Khamenei inherited a system whose legitimacy was uncertain after the death of its founding figure. Over decades, through institutional consolidation, ideological framing, and strategic persistence, that uncertainty gradually transformed into a structured political order led by Ayatollah Ali Hosseini Khamenei for three and a half decades.

History will ultimately determine how this legacy is judged. Yet one lesson already appears clear. Power is rarely a simple inheritance. It is shaped by choices made under conditions of uncertainty—choices that define both the authority of leaders and the durability of the systems they govern. And it is through those choices, as philosophers from Ibn Khaldun to Iqbal and existentialists like Sartre and Camus understood, that leaders ultimately construct the meaning of power itself.

Mir Tariq Rasool

Tail Piece: In many ways, Khamenei’s political philosophy reflects the understanding of power as responsibility rather than inheritance.

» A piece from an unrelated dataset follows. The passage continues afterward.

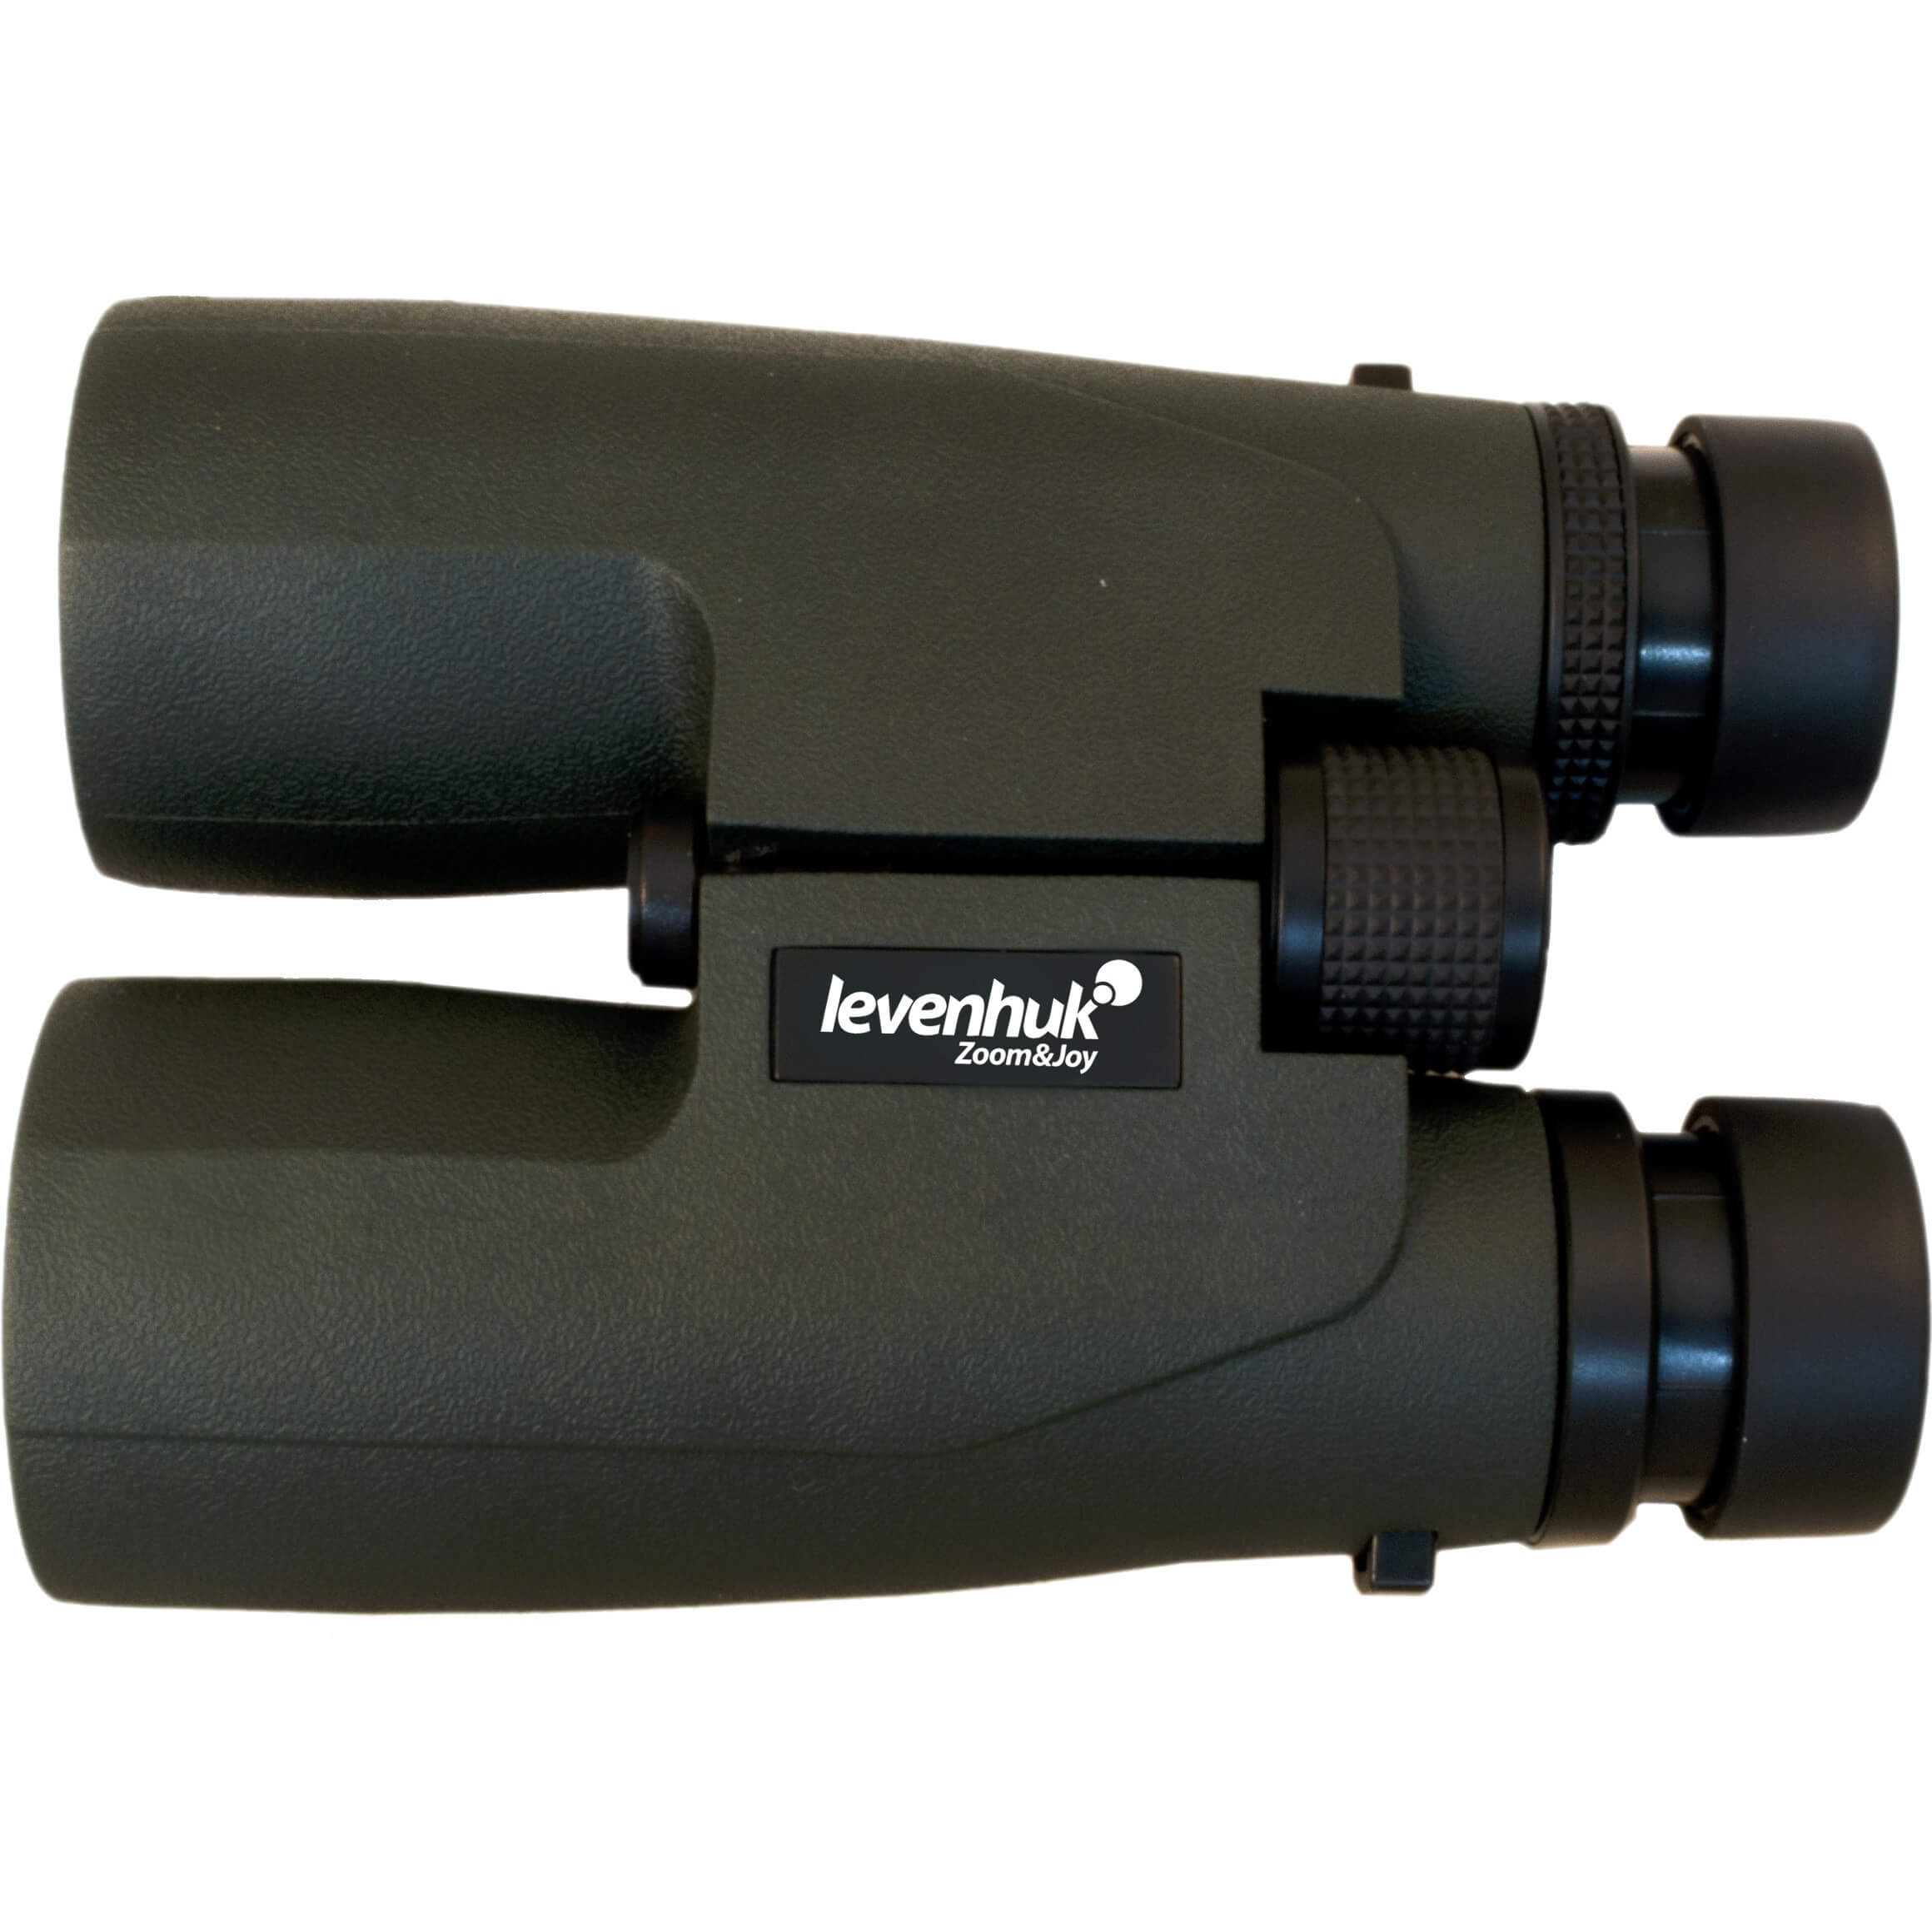 levenhuk 12x50 focus and eyecups

Throughout his leadership, he has repeatedly emphasised the idea that the survival of a political order depends not merely on authority but on vigilance, ideological continuity, and collective endurance. His writings and speeches often portray governance as a form of stewardship, the careful preservation of a revolutionary project in a world characterised by constant pressure and uncertainty.

In that sense, his long tenure has been shaped less by the charisma of a revolutionary founder than by the discipline of a political custodian. Whether admired or criticised, his leadership illustrates a distinctive model of power: one grounded not in momentary revolutionary fervour but in the patient construction of institutions, narratives, and alliances that allow a state born in upheaval to endure across generations.

(Former Secretary Adbi Markaz Kamraz, the author, serves as a patron of the Kashmir Literary and Philosophic Foundation. The views expressed are personal.)